🤖 AI Summary
Current text-to-video generation methods suffer from low-quality training data and poor training efficiency, resulting in insufficient visual fidelity, temporal coherence, and text-video alignment. To address these limitations, we introduce CFC-VIDS-1M—a high-quality, large-scale video dataset—and RACCOON, a novel generative model. Our contributions include: (i) the first coarse-to-fine video filtering pipeline for dataset curation; (ii) a semantic enhancement mechanism that jointly aligns visual and linguistic representations; (iii) a spatiotemporal decoupled attention Transformer architecture; and (iv) a four-stage progressive diffusion training paradigm. Extensive experiments demonstrate that RACCOON achieves state-of-the-art performance in video quality, dynamic coherence, and text-video alignment—while maintaining computational efficiency—across multiple benchmarks.
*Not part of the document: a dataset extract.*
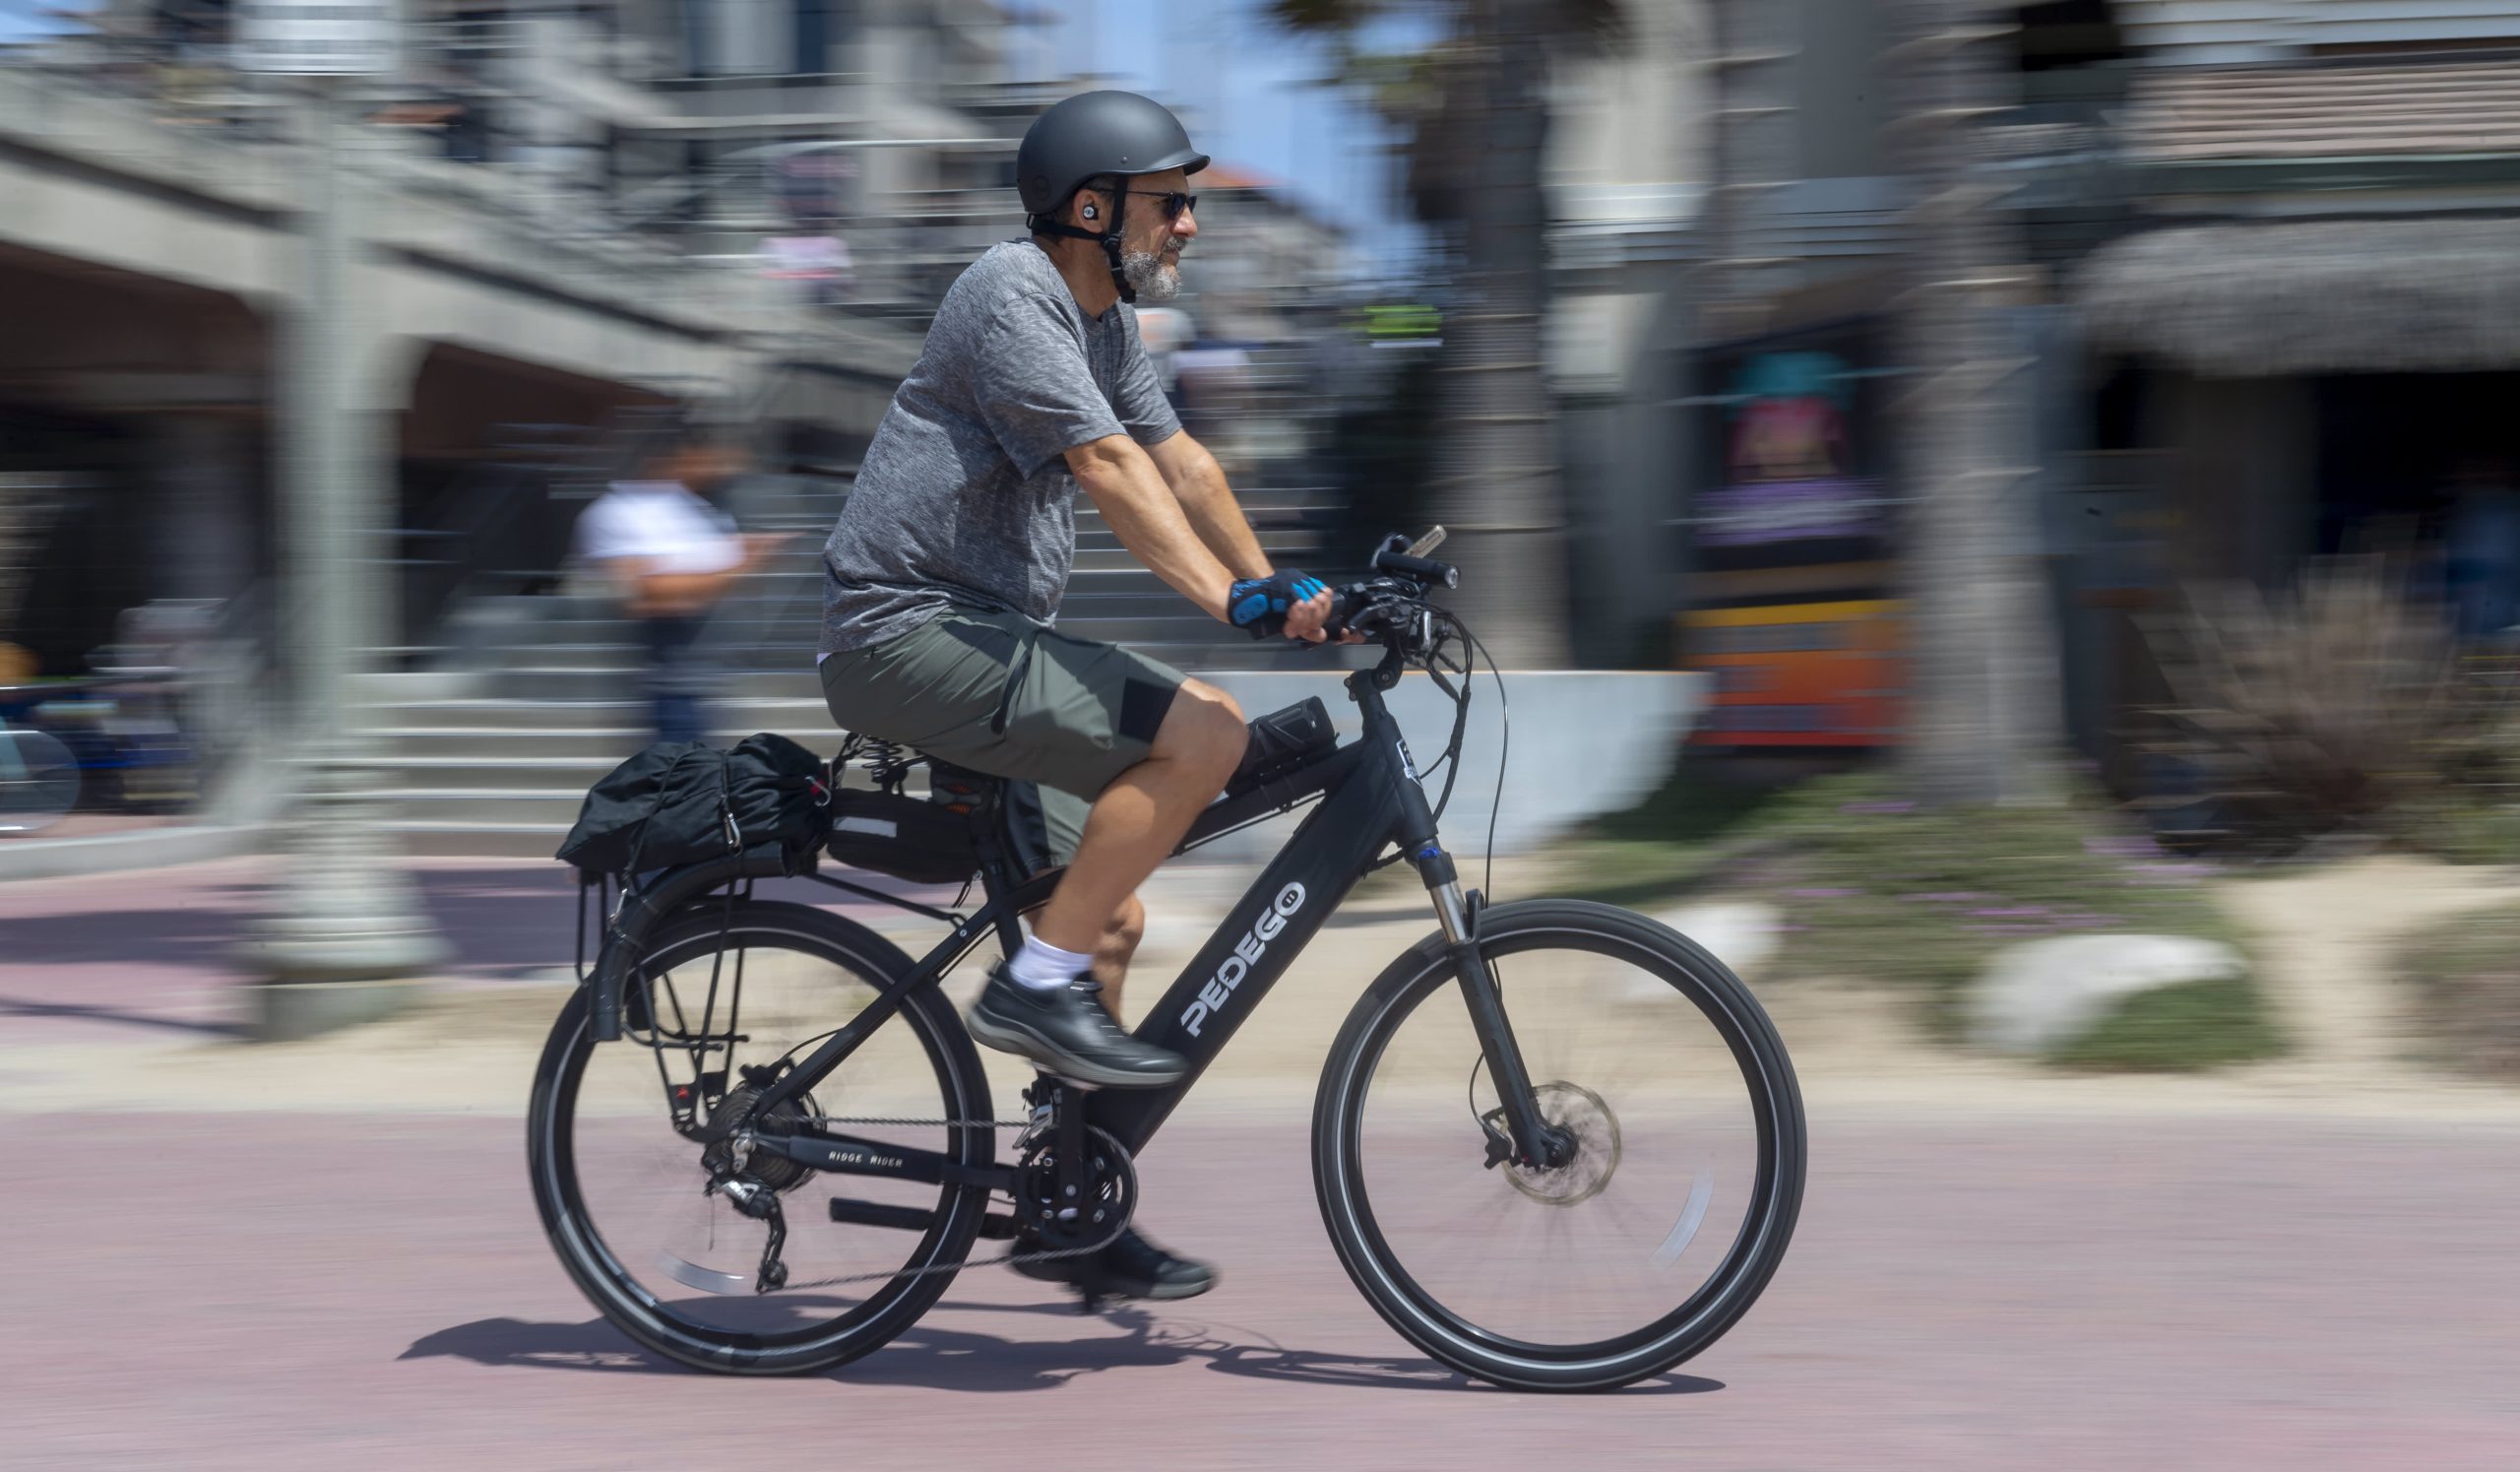 La factura Build Back Better de Biden puede proporcionar un crédito fiscal para bicicletas eléctricas de hasta $ 900

To foster reproducibility and community advancement, we fully open-source the dataset, code, and pre-trained models.
📝 Abstract
Text-to-video generation has demonstrated promising progress with the advent of diffusion models, yet existing approaches are limited by dataset quality and computational resources. To address these limitations, this paper presents a comprehensive approach that advances both data curation and model design. We introduce CFC-VIDS-1M, a high-quality video dataset constructed through a systematic coarse-to-fine curation pipeline. The pipeline first evaluates video quality across multiple dimensions, followed by a fine-grained stage that leverages vision-language models to enhance text-video alignment and semantic richness. Building upon the curated dataset's emphasis on visual quality and temporal coherence, we develop RACCOON, a transformer-based architecture with decoupled spatial-temporal attention mechanisms. The model is trained through a progressive four-stage strategy designed to efficiently handle the complexities of video generation. Extensive experiments demonstrate that our integrated approach of high-quality data curation and efficient training strategy generates visually appealing and temporally coherent videos while maintaining computational efficiency. We will release our dataset, code, and models.